Input Devices

object detection
endless challenges of object detection using computer vision
For this week, and in line of explorations for my final project, I decided to look in depth on how to detect object using computer vision, therefore my input device: camera. In week 6 (embedded programming) I had explored several input devices from the samdino project documentation, and I added the ESP32 Cam to the studies. In that week, I did not dive into object detection, but rather stayed within basic programming and communications via wifi to get it to work. So in this week, my plan was to explore how I can detect objects using a camera, knowing that the challenge is computational power. Once that is figured out, I will have to use computer vision to translate the visual image into location based where I can pick those objects.

missing link
missing link
My first attempt was using Edge Impulse, a machine learning training based on neural network classifiers. The first step was to have a dataset that was large enough. Since this was just a test, I did not spend alot of time of curating my dataset. Instead, I used around 40 images of rocks. To begin with on the website, one has to create an account and start a new project. Once that is done, it is required to connect a device. In my case since the information was on the laptop, I connected it to input the data.
missing link
missing link
Next was data acquisition. Here is we input the images and classify them into a split between training data and testing data with a quantitative hierarchy to the earlier. Here I realized that 40 images is no where enough, but since this was a test, I decided to proceed as is. The data was split into 79% training and 21% testing.
missing link
Once data is in, you have to create an impulse. The UI of the website is very well done and following simple tutorials would be sufficient to navigate the required steps from input to output. I used a 96x96 pixel format, keeping the file lighter in hope that the ESP32 processor would be powerful enough to handle a machine learning library.
missing link
missing link
Since the field of machine learning is new to me, I had to revert to other sample projects to compare where my data, model and training stands. Again, it was clear that my dataset is too small to give precise readings. It is recommended that a dataset is no longer than 100+ images. To move forward and check if the ESP32 cam handle the library and can atleast give a reading was a priority at this point. So using the same data set I exported the project training library into an arduino file format to be included in my code within arduino's IDE.

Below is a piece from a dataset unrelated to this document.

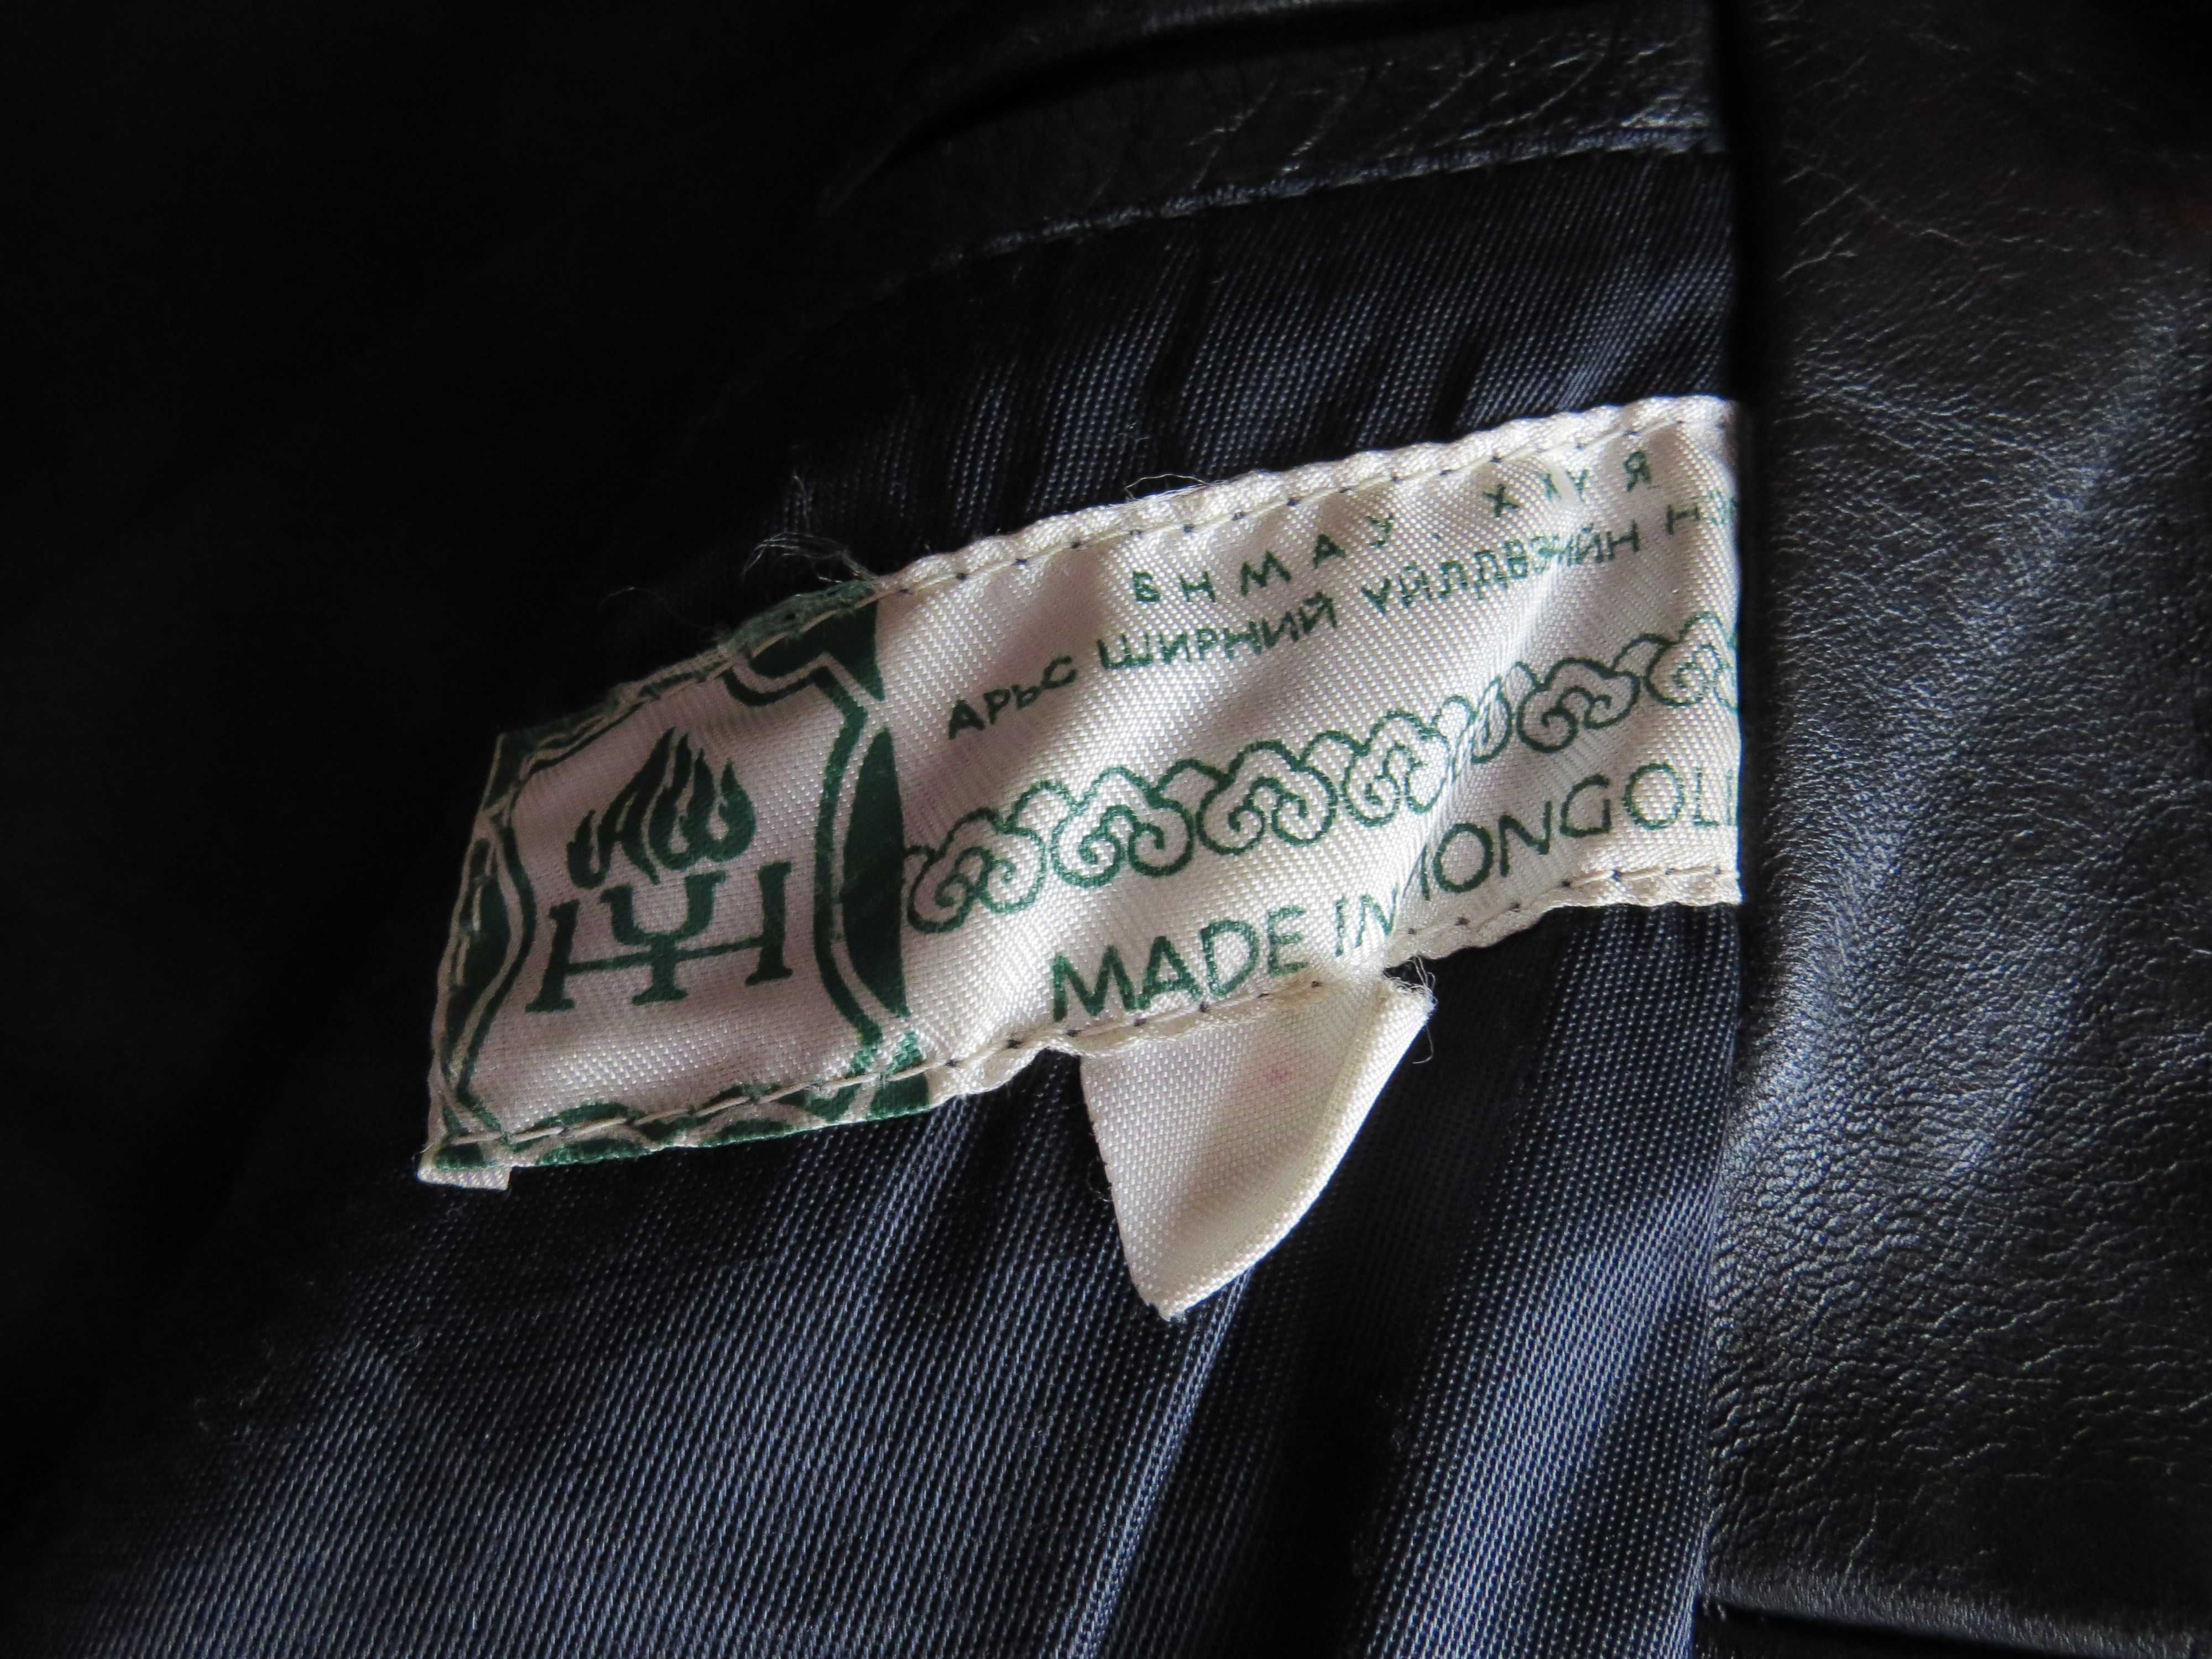 Куртка кожаная подростковая, размер 46-48, производство: Монголия

Code and compilation begins now that I had my library exported, and so does the errors...
Error 1
                compilation terminated.

                exit status 1
                ei-ibrahim2595-project-1-arduino-1.0.1.h: No such file or directory

                This report would have more information with
                "Show verbose output during compilation"
                option enabled in File -> Preferences.

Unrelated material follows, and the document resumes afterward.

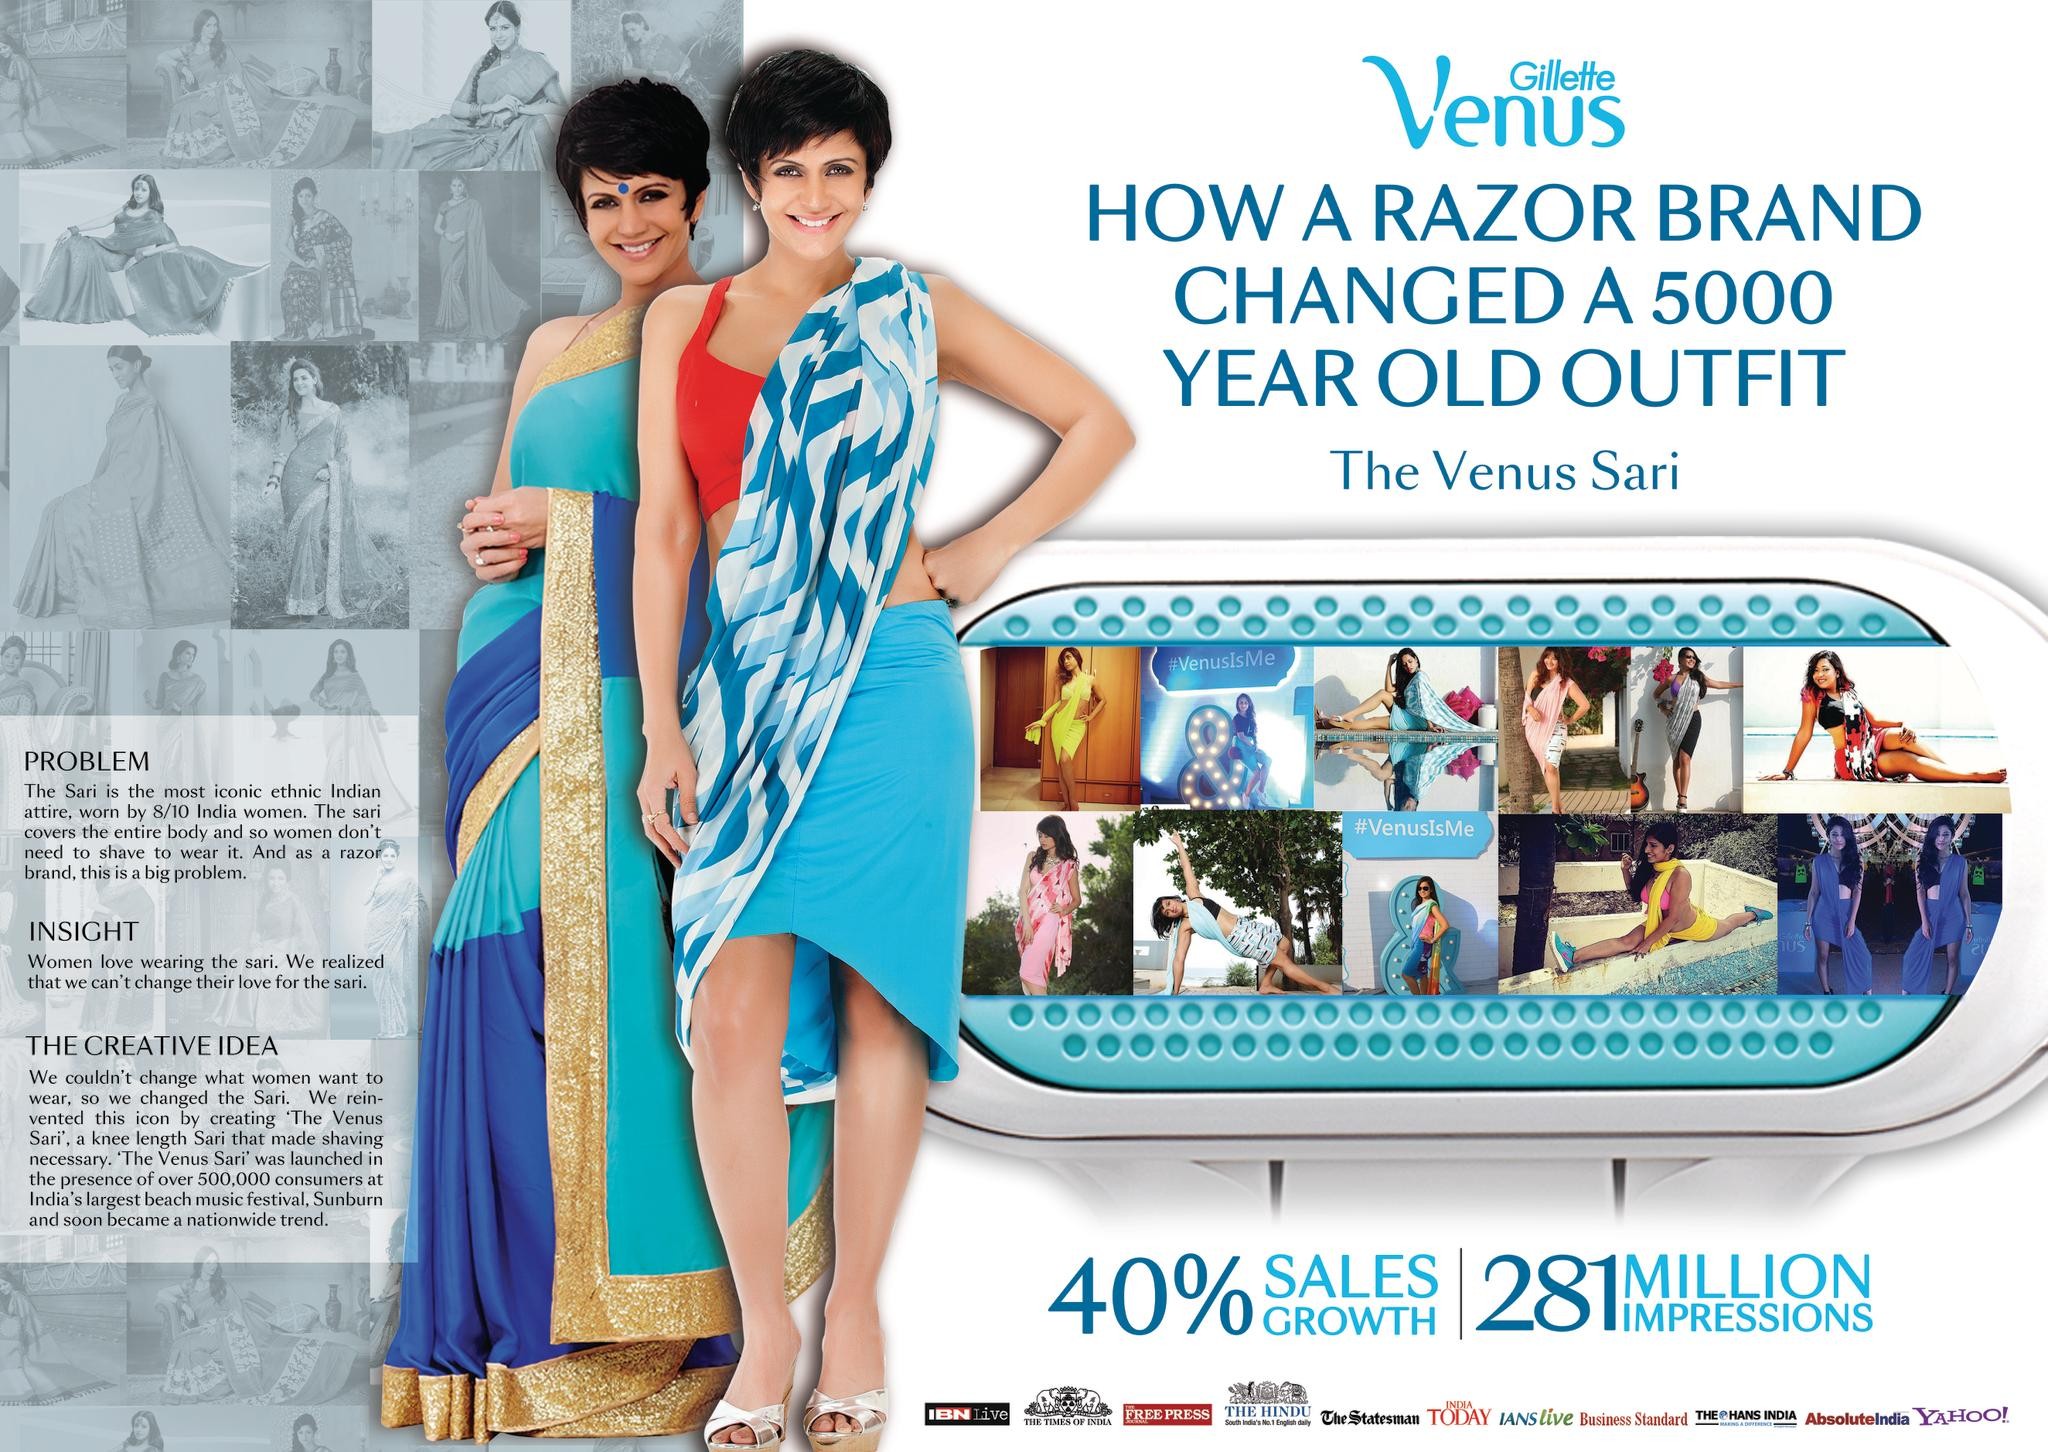 The Venus Sari

I realized that the library gives the wrong name to the outer zip file, and therefore I had to look within the folders to see the correct library name that is read by arduino.

Error 2
                Error compiling for board ESP32 Wrover Module.

                This report would have more information with
                "Show verbose output during compilation"
                option enabled in File -> Preferences.
I was unable to resolve this issue even with changing the file names and paths. I figured that since I am using an older version of Arduino (1.8.12), newer versions might have resolved the character issues. Although I faced other problems earlier with the latest arduino ide release, I decided to update it to the latest version (1.8.16) and it worked!
missing link
missing link
The big moment is here, testing if the communication is working and if I will receive successful readings. It worked (kinda)! After all the errors and troubleshooting for a full day, I managed to get it to work. That being said, as expected the data was not enough to properly read the information and the 96x96 px was a very low resolution for proper data reading and accurate results. Fixing the dataset problem by adding a larger number of images would slow down the processing even further. Infact I was unable to do live detection, instead I had to capture and image and process that.

Attempt 2
My second attempt after the slow and unreliable processing using the ESP32 CAM with edge impulse, is to try using a much powerful raspberry pi 3 board. This was my first time using it and I was surprised by how powerful the tool is. Luckily we had a camera and its connection at the lab so I immedietly began setting up the board, downloading the OS system and required raspberry pi documentation. I hooked the board to a screen, keyboard, mouse and a power supply and got to work! I began by writing a quick python code to test if the camera is working and that I had established a connection with the device.
            from picamera import PiCamera 
            from time import sleep

            camera = PiCamera()

missing link
Firstly, I tested out where the system works and more specifically if the camera is functioning and that I am able to program it via python within raspberry pi. The test works and I was able to receive signals from the camera based on a timer. That being said, The larger challenge was object detection, so I began looking through open computer vision librarries to find a starting point. The added complexity of the project was to the many dependencies and libraries python needed to run an object detection program.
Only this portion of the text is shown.